Amber Bukowski leans into Melanie McIntyre’s car to give her a flu shot. She’s wearing lavender gloves and has a small bandage ready.
Bukowski counts down and quickly empties the syringe in McIntyre’s arm while a Yukon Kuskokwim Health Center employee observes.
“It’s like a mosquito bite or like a little pinch, that’s all,” McIntyre said, leaning back to let her kids know how it went — they’re next.
This is one of many flu shots Bukowski will give today. She’s working the drive-through clinic on a frosty Saturday morning as part of the clinical hours towards her nursing degree from the Kuskokwim campus of the University of Alaska Fairbanks.
She and the three other students in her cohort are part of the long-term solution to the state’s dire need for nurses — specifically, Alaska-trained nurses who intend to work in the state. Alaska is increasingly reliant on out-of-state health care workers — an expensive, short-term fix to a longstanding problem. The nursing program at the Kuskokwim campus isn’t huge, but it is putting four new nurses directly into the Bethel community this year.

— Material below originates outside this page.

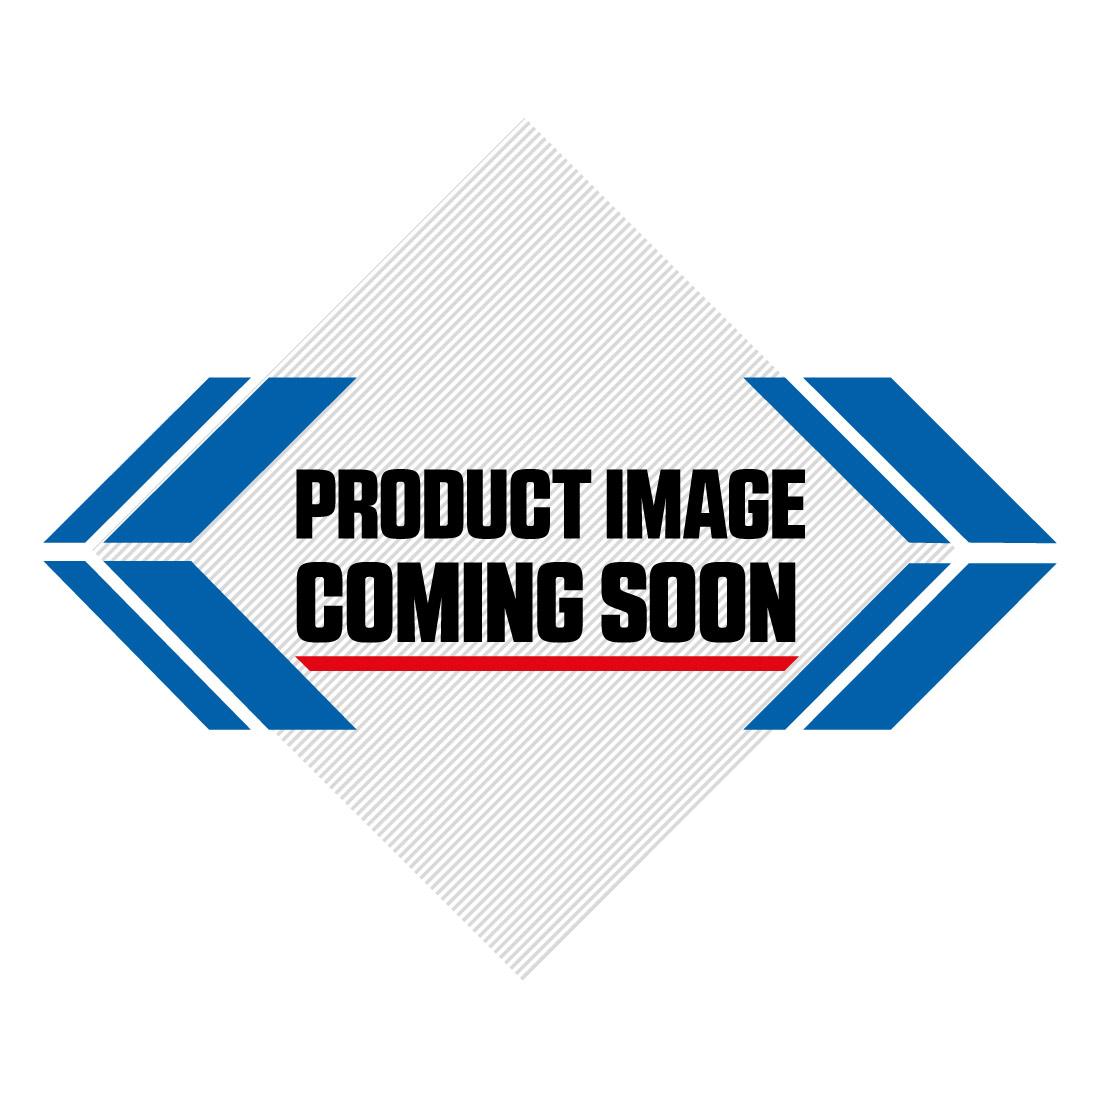 Honda Plastic Kit CRF 230 (08-14) OEM Factory Image-4>

Bukowski isn’t new to patient care, though. She got her start in Chevak, where she’s from originally.
“I started out as a health aide in the village clinics and transferred over to be a supervisor and took classes part time and then ended up in the nursing program,” she said.

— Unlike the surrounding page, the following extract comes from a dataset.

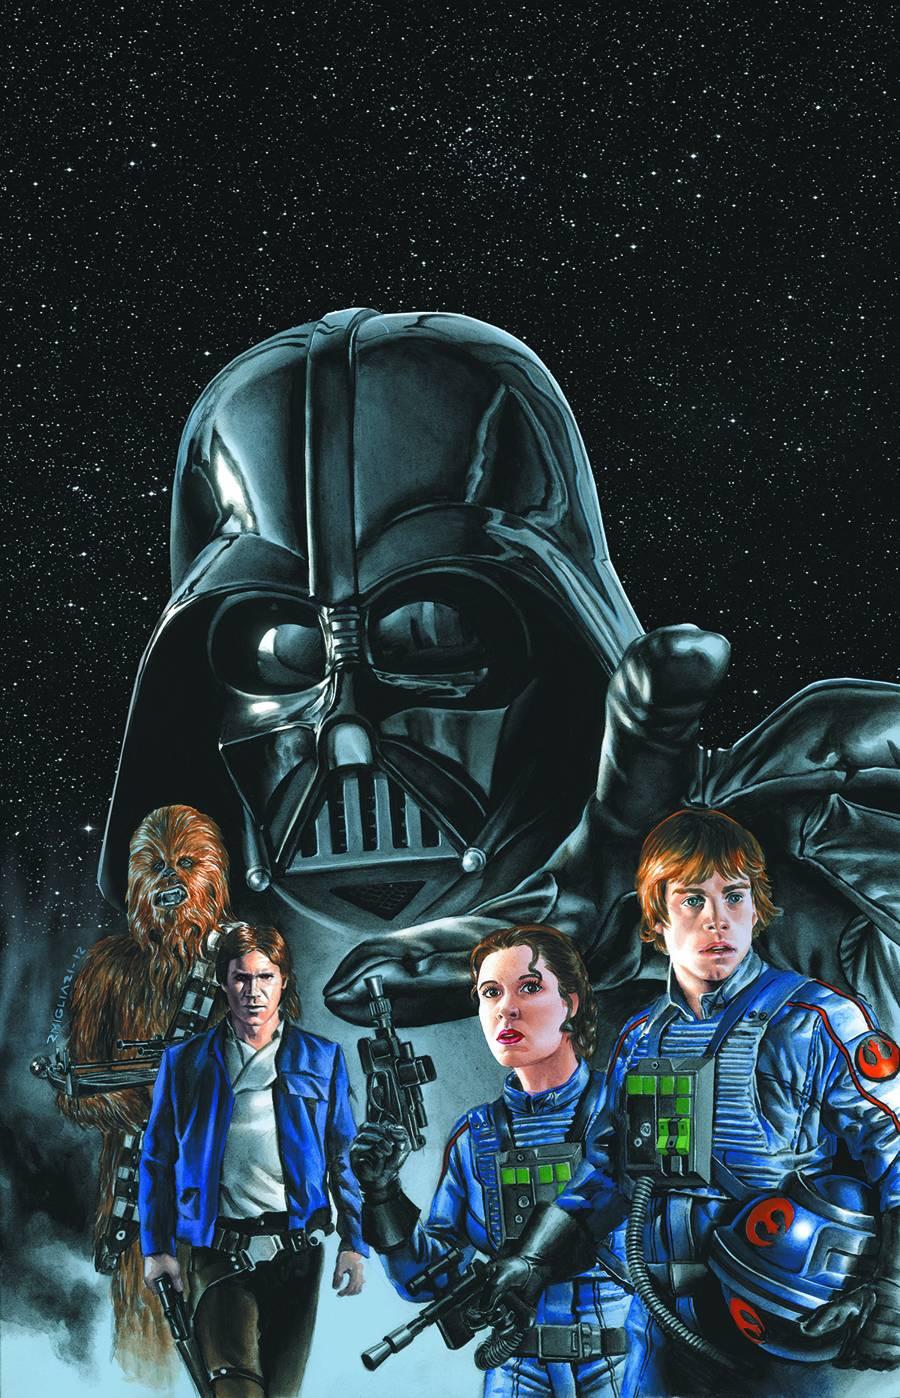 Star Wars Luke Skywalker Comic 900x1398 Wallpaper Teahub Io

Previous experience in health care isn’t required to start the degree program. The campus in Bethel offers pre-nursing courses, too.
Bukowski and the other three students in her cohort will take the test to become fully certified nurses after they pass their exams this December.
“It’s a lot of info,” Bukowski said. “A lot of hard work and dedication. But anybody can do it.”
Her classmate Michael Vicente worked as a public health official for the hospital in Bethel until he started the nursing program two years ago.
“I just felt like I’d been called to nursing,” he said. “This is the next step into working closer with the community on a one-on-one basis instead of community wide.”
Twyla Elhardt teaches the nurses-to-be.
“We have a huge shortage of health care workers here,” she said.
Elhardt came to Bethel as a nurse in 2015, then became a nursing instructor a couple of years ago. She said that’s because she has a passion for seeing students from the region learn to take care of its residents.
“I get to see elders cared for by nursing students who are from the same village. And it’s a beautiful thing,” Elhardt said. “I’d love to see that increase.”
She said local nurses break down barriers to care because they understand where their patients are coming from.
“If they want to be here for the long haul, I think you just have an amazing investment, not just in direct patient care, but into the whole health care system,” she said.